Anonymised data unwound
Researchers say it is becoming easier to identify individuals from anonymised data.
A method that can estimate whether a person can be re-identified from an incomplete, anonymised dataset has been presented in Nature Communications.
The paper suggests that current methods of anonymisation and data sharing may be inadequate to protect individual privacy or satisfy requirements set by data protection laws, such as the European General Data Protection Regulation.
A lot of work in data science and artificial intelligence depends on large-scale, detailed and individual-level data, the collection and sharing of which has raised concerns about individual privacy.
Authorities often anonymise and release partial datasets to address privacy concerns, however, the successful re-identification of anonymised datasets recently, including browsing histories, mobile phone and credit card data, have shown that these practices may be inadequate.

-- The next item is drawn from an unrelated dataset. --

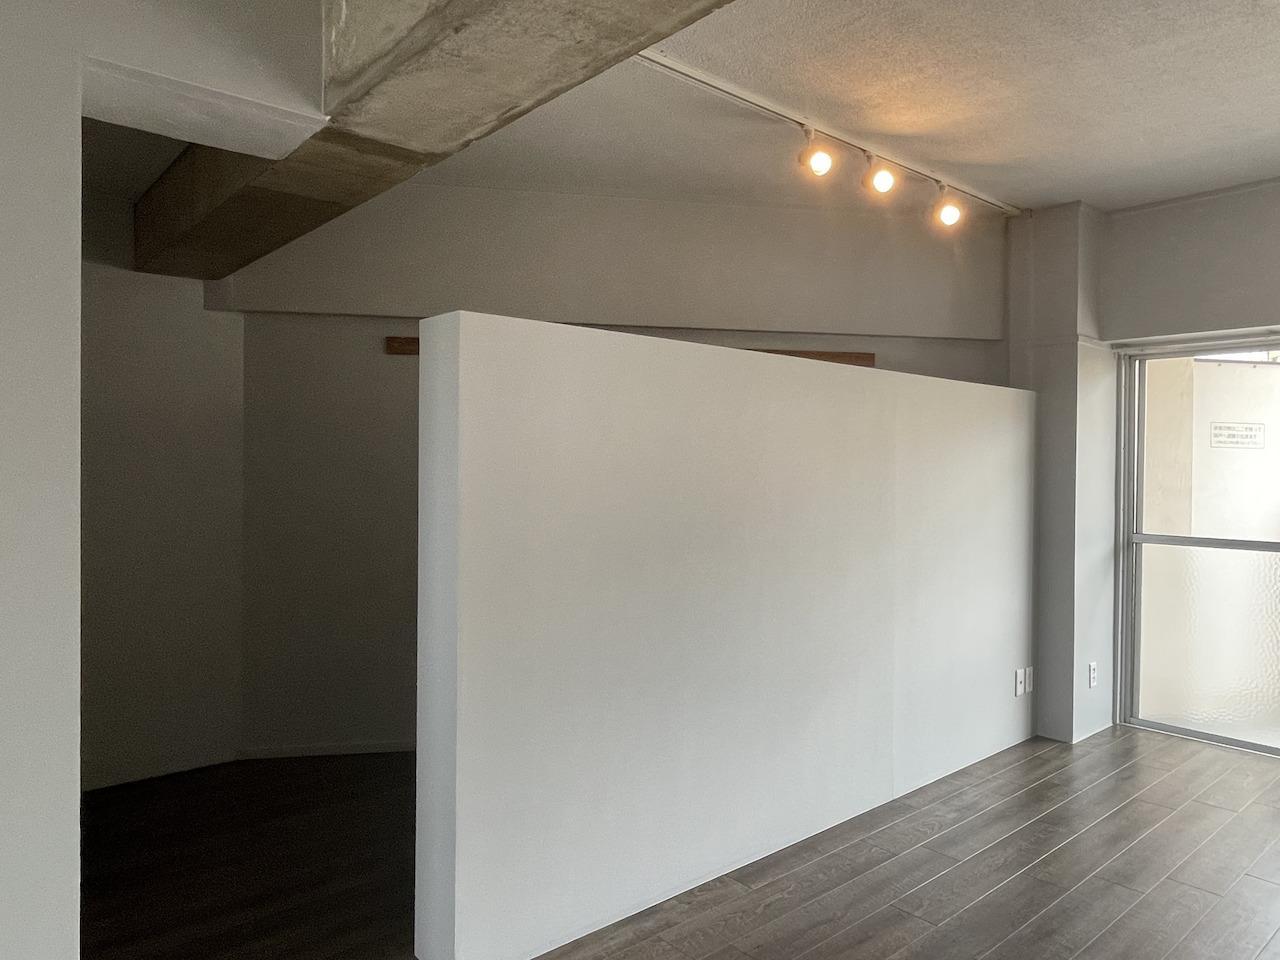 壁の向こうは納戸で荷物置き場に。

Researchers in the UK set out to re-identify individuals from anonymised datasets using only a few data points like postcode, date of birth, number of kids and gender.
They found it was fairly easy to pick out most people with a relatively high level of confidence.
The study shows that the likelihood of identification increases rapidly with the number of known attributes.
For example, 99.98 per cent of people in Massachusetts would be identifiable based on 15 demographic attributes.
Releasing only a sampled or partial dataset is therefore not sufficient to protect individual privacy, the authors conclude.